Loving Ourselves “Harder”…

One of the songs I perform on dulcimer is “Love (Yourself) Harder.” Some of you have probably heard it at retreats. The opening words go:

Gonna’ wrap my arms around myself—

A small pine cone with burrs around the edges

Gonna sing myself sweet lullabies,

Brush my own cheek with human kindness, yeah

The idea behind this song is that we all could use more love for ourselves, even with the bumps, sharp edges, and imperfections (that burrs that we have– as little “pine cones”). I find this repeatedly at trainings and working with my coaching clients (and with myself): we can judge ourselves harshly—often much more harshly than we would judge others—and that this judgment actually gets in the way of our making the changes we want in life. I also find that when we are judging ourselves, we often are judging others too.

I recently came across an interesting article about this in a study focused on investing. It seems in most attempts to get people to invest, there is some form of “should” that is often fear-based (i.e., that you “should” start by a certain age, and invest X amount, etc, since if you don’t start investing now, you won’t have enough when you retire… ). It also seems that this approach is not very effective. It offers a kind of extrinsic rather than intrinsic motivation. While many of us have “good” intentions, not all of us follow through (like other things in life! Exercising more, eating foods that support our bodies, getting more rest, creating overall more life-work balance, and communicating differently are all goals I hear regularly as a coach).

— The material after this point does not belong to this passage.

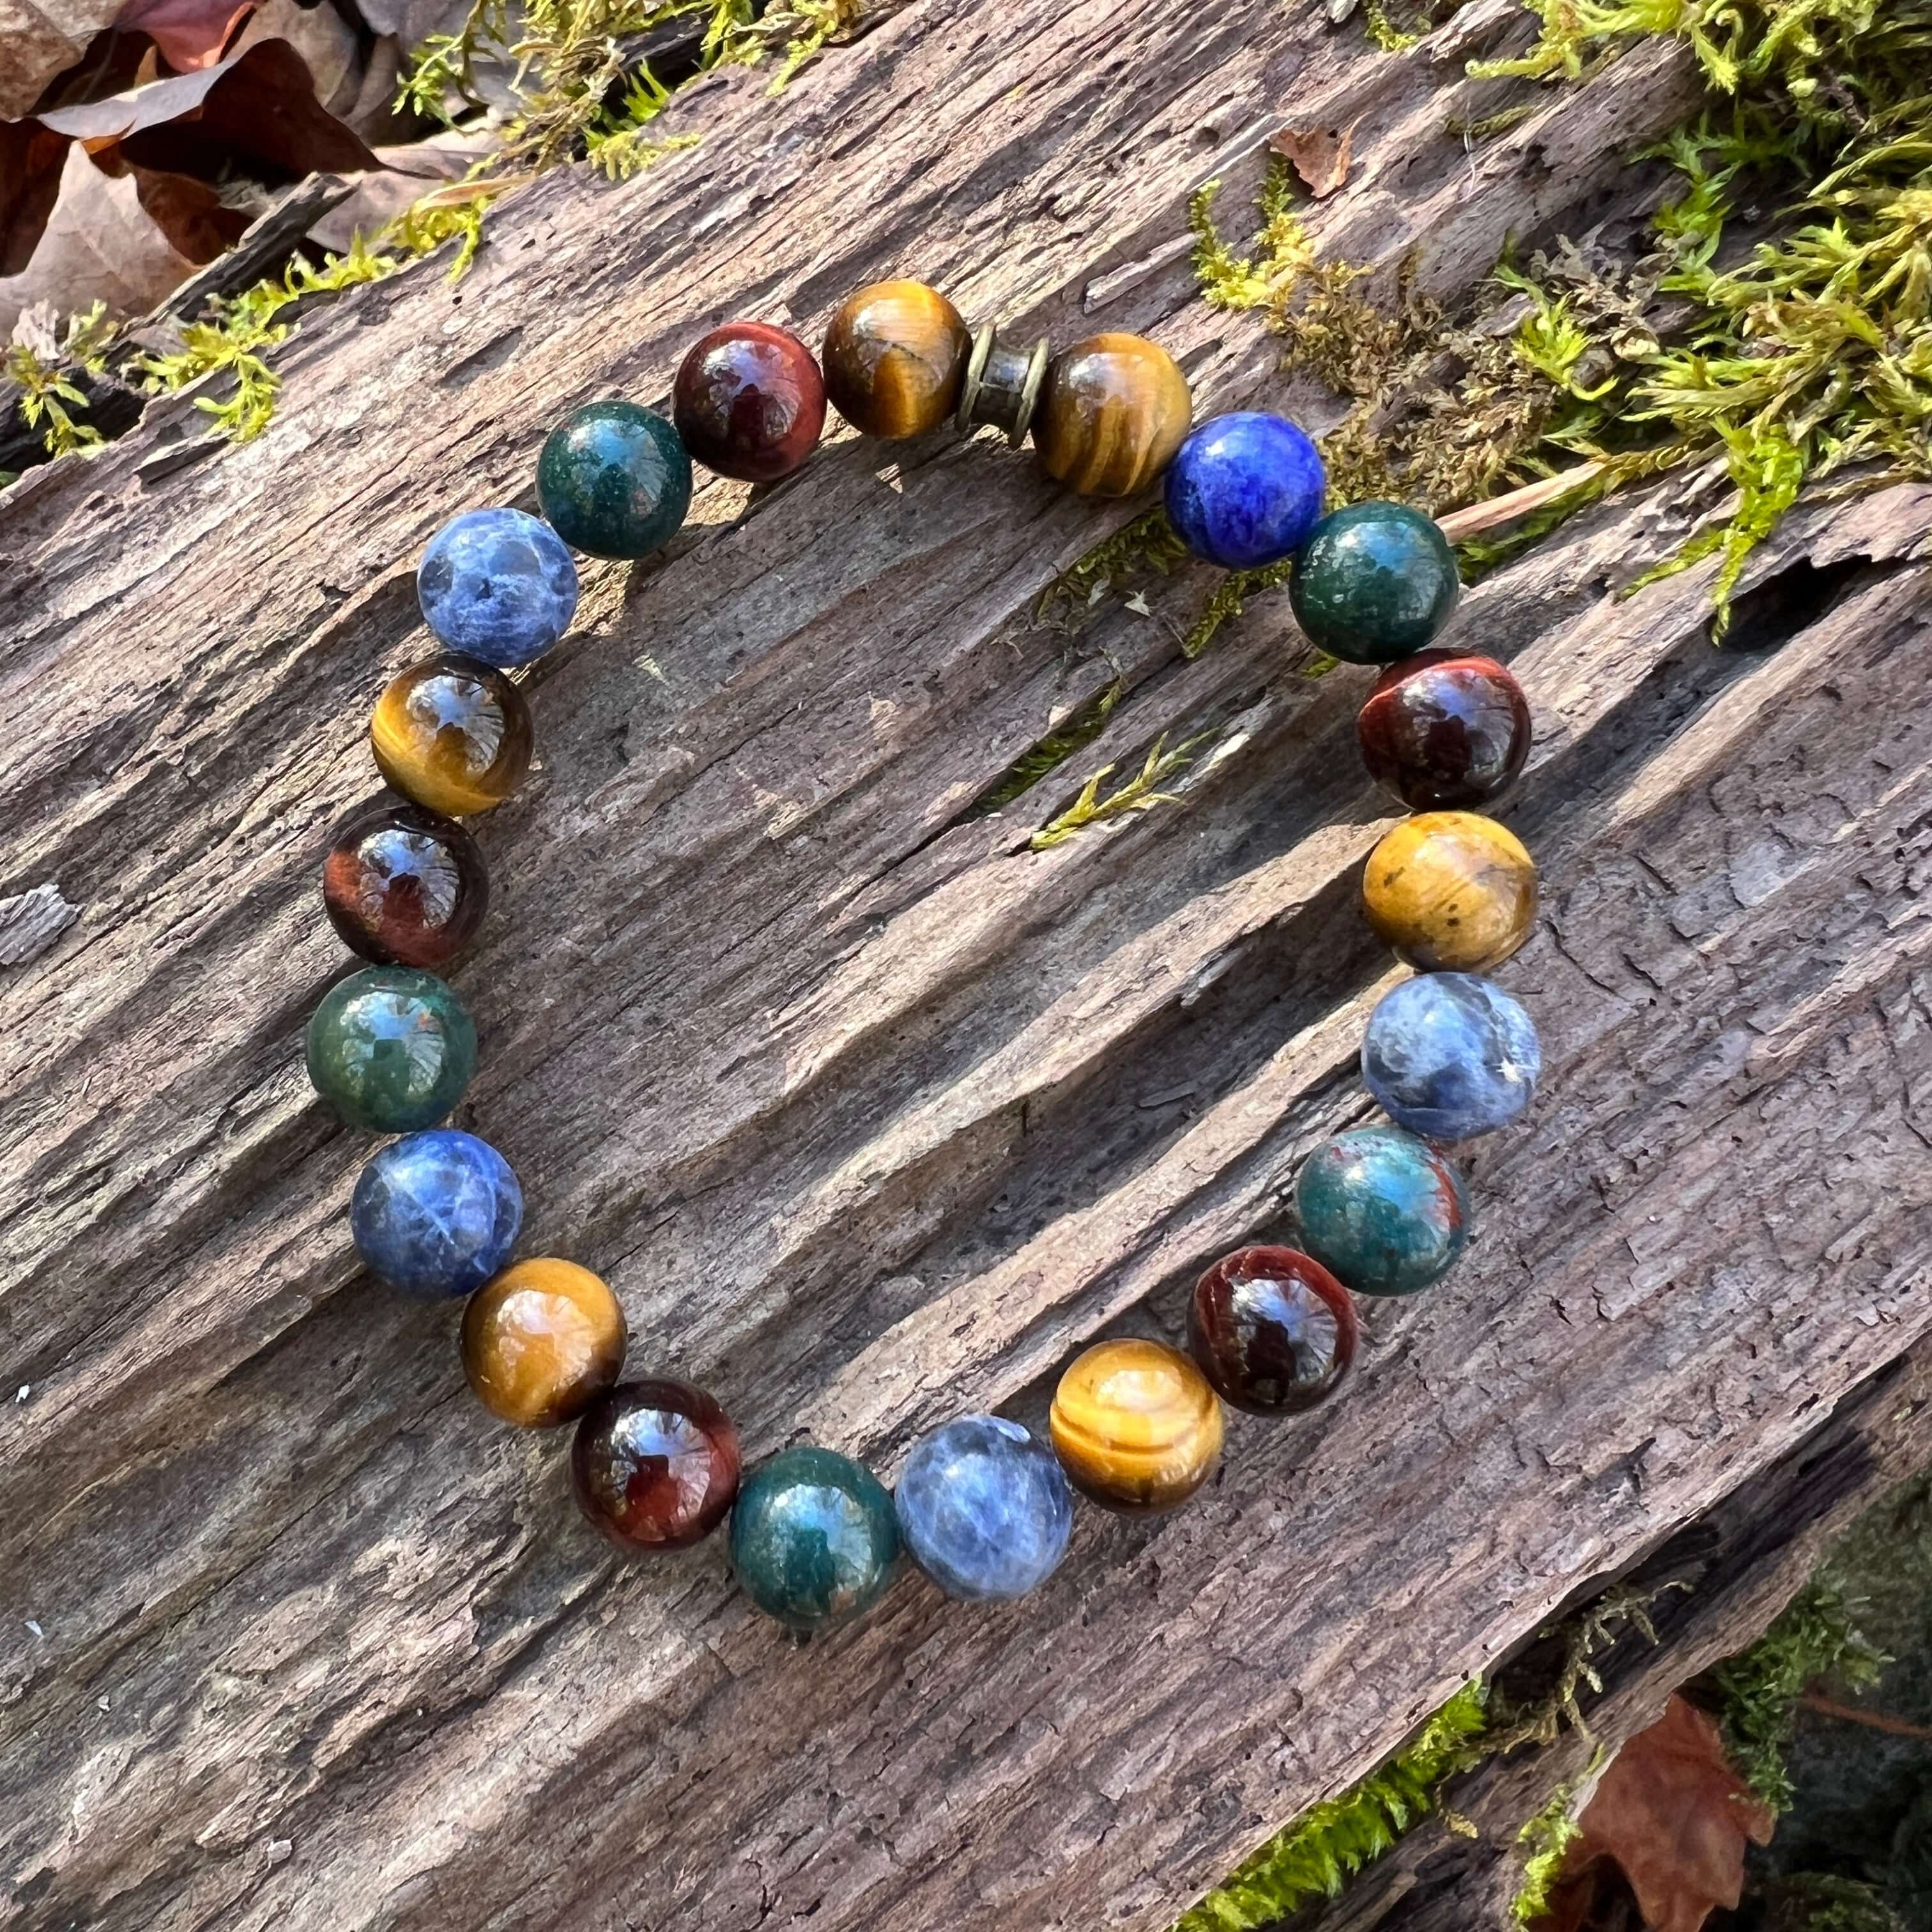 Deep Woods Bracelet This bracelet is made with two types of Tiger Eye stones, along with Bloodstone and Sodalite. Brought together, this creates a very rooted and grounded energy, allowing the wearer to be clear minded, as well as feeling very secure and

Here’s what the study found: if the potential investor is show a computer-generated image of how they will look post-retirement age, they are more far more likely to invest. Seeing themselves as an older person makes it real somehow ( a kind of pre-observation, in NVC terms) and opens up a place of compassion and concern for themselves. Seeing this elderly person, that’s actually him or herself 40 or 50 years from now–they are inspired to care for this “stranger” and start investing now.

I find a similar approach effective in having empathy for ourselves about other challenges in life. This is a question I often ask: How would we talk to a young child that we care about? What if we imagine ourselves as a younger version of ourselves–how would we speak to that little person? I am convinced that most of us would speak with much more care and gentleness and compassion. And often when we’re triggered, it’s a younger version of ourselves (who has some core needs that were unmet earlier in our lives, that still aches to be heard and held with care) that’s getting activated. Sometimes a “short” version of empathy suffices in these moments. It can be enough to simply acknowledge that something is hard—and for the “adult” (who’s acting compassionately) to let this younger part know that it will be okay. While this is not “formal” or classical NVC, it’s acting for ourselves out of place of compassion, what NVC consciousness is ultimately all about.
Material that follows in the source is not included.